4. O privilégio creditório mobiliário geral, previsto no artº737, nº1 d), do Cód. Civil, abrange os créditos decorrentes das retribuições ou remunerações e os emergentes da violação ou da cessação do mesmo contrato de trabalho.
5. Os créditos dos trabalhadores que gozam do privilégio imobiliário geral são apenas os que são emergentes do contrato individual de trabalho, ou seja, as remunerações, retribuições ou salários, como decorre da letra e do espírito do art.º 12 n.º1-b), da Lei dos Salários em Atraso;
6. Foi intenção do Código Civil de 1966, como se constata das actas e estudos referentes aos trabalhos preparatórios, reduzir ao mínimo os créditos que gozassem de privilégio creditório, cientes que se estava, como está, que a sua incerteza e falta de registo, ocasionam a perda de segurança do credor hipotecário;
7. Na verdade, a lei (art.º 25, do Decreto-Lei n.º 49.408 e art.º 737- n.º1-d), do Código Civil) quando pretende atribuir ao crédito dos trabalhadores privilégio mobiliário geral distingue, claramente, os créditos emergentes do contrato de trabalho e os créditos emergentes da sua violação ou cessação, isto é, os créditos por remunerações (sentido lato) e os créditos por indemnização, assinalando que o privilégio mobiliário geral é atribuído a ambas as espécies de créditos;
8. Todavia, o n.º 1, do art.º 12, da Lei dos Salários em Atraso, atribui o privilégio mobiliário geral (alínea a)) e o privilégio imobiliário geral (alínea b) - e só este nos interessa agora analisar - apenas aos créditos emergentes do contrato de trabalho, excluindo-se, pois, os emergentes da sua violação ou cessação, ou seja, as indemnizações;
9. E compreende-se porquê: por um lado, o que a Lei pretendeu garantir (digamos, mais fortemente do que estava previsto no art.º -737-n.º1-d), do Cód. Civil) foi o reconhecimento que o direito ao salário era, como é, sagrado, na medida em que tem como pressuposto a prestação efectiva de trabalho, única fonte de subsistência dos trabalhadores ("qua tale"), "... a parte tida como mais frágil e prejudicada ..." (Ac. do S.T.J., de 14/2/96, in Ac. Doutrin. Nºs 416/417, pág. 1065); daí,
10. O privilégio mobiliário geral de que o crédito por salários gozava passa a ser absoluto, isto é, sem a limitação aos seis meses prevista no Código Civil - e aí a utilidade, para além do mais, da alínea a), do n.º 1,. do art.º 12; e,
11. O privilégio imobiliário geral do crédito por salários passa a garantir o pagamento destes pelo património imobiliário do devedor, o que não acontecia no domínio do Código Civil (art.º 737-n.º1-d).
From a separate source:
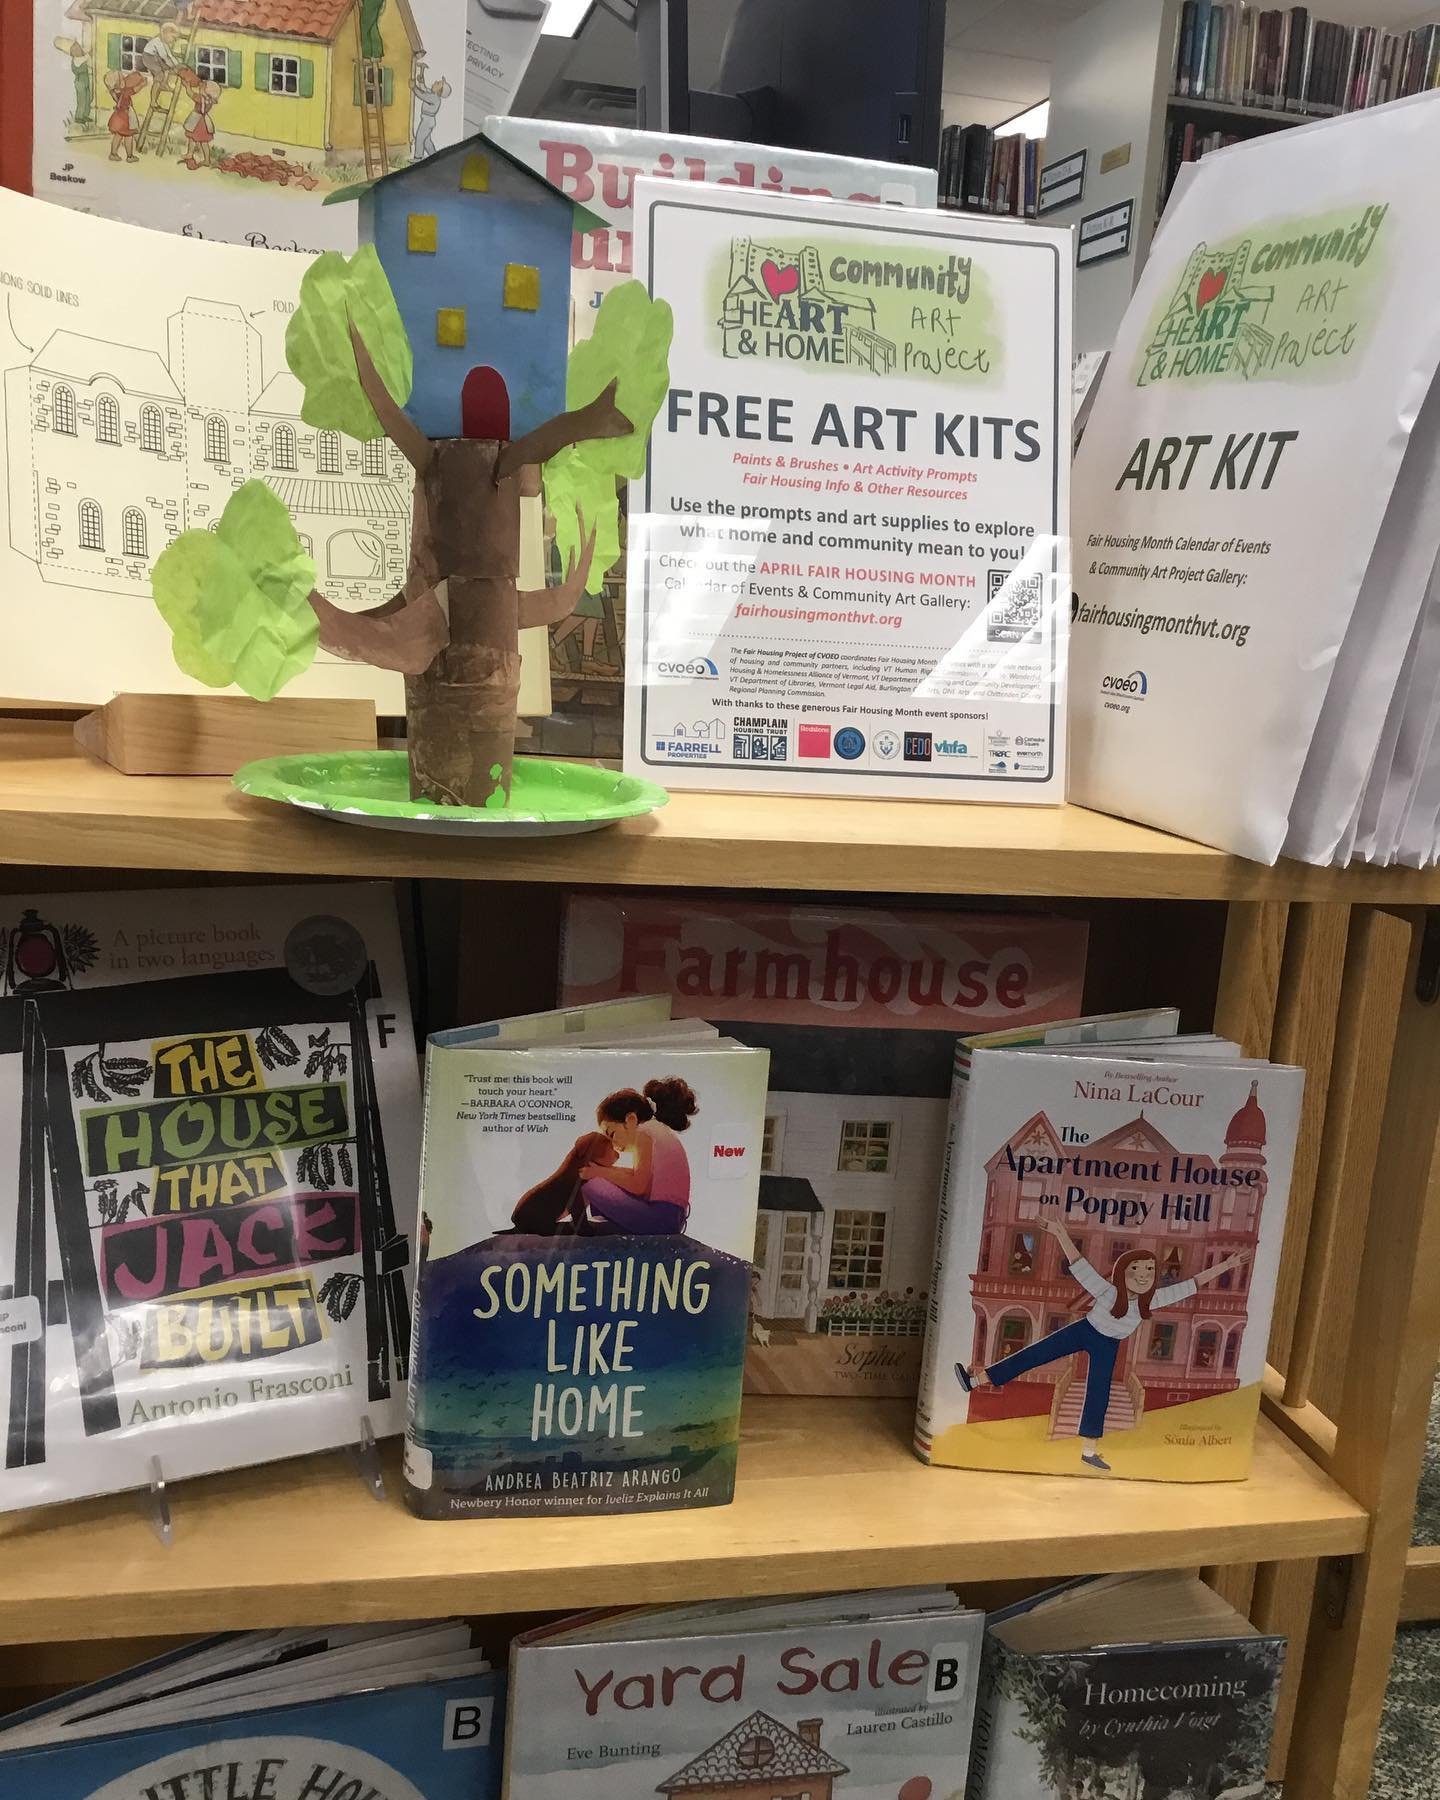 This month&rsquo;s after-school story and craft club read The House of Grass and Sky by Mary Lyn Ray and made treehouses and other dwellings. We also discussed Fair Housing Month and participants took home free art kits from The Heart and Home Commun

12. 0 crédito por indemnização está excluído da atribuição do privilégio imobiliário geral, feita pelo citado art.º 12-n.º1-b), da Lei dos Salários em Atraso, por outro lado, não só porque o texto da Lei o exclui por comparação com as redacções dos artigos anteriores de outros diplomas sobre a matéria (art.ºs 25, do Decreto-Lei n.º 49.408 e 737-n.º1-d), do Código Civil), mas ainda porque a rescisão do contrato por iniciativa do trabalhador não é a única solução prevista - nem talvez a mais aconselhável, pois existe a possibilidade da suspensão do contrato - como consequência do atraso no pagamento do salário; e, mais determinante ainda,
13. É incompreensível - ou seria - que o legislador nos casos da rescisão ou cessação do contrato de trabalho - em que tem de haver sempre ilicitude e/ou culpa da entidade empregadora para nascer o direito a indemnização (vide art.º 12-n.º1 e art.º 35, do Decreto-Lei n.º 64-A/89, de 27 de Fevereiro - atribuisse ao crédito por indemnização um privilégio creditório mobiliário geral (com menor garantia, portanto) e no caso de rescisão por razões objectivas sem ilicitude e sem culpa, eventualmente) conferisse ao crédito indemnizatório maior garantia, a do privilégio imobiliário geral.
14. A Lei n.º 17/86 (Lei dos Salários em Atraso) não regulou a matéria da relação entre o privilégio imobiliário geral, que criou, e os direitos de terceiros, maximé, o direito de crédito hipotecário, pelo que a solução ter-se-à de encontrar nos princípios gerais consagrados no Código Civil.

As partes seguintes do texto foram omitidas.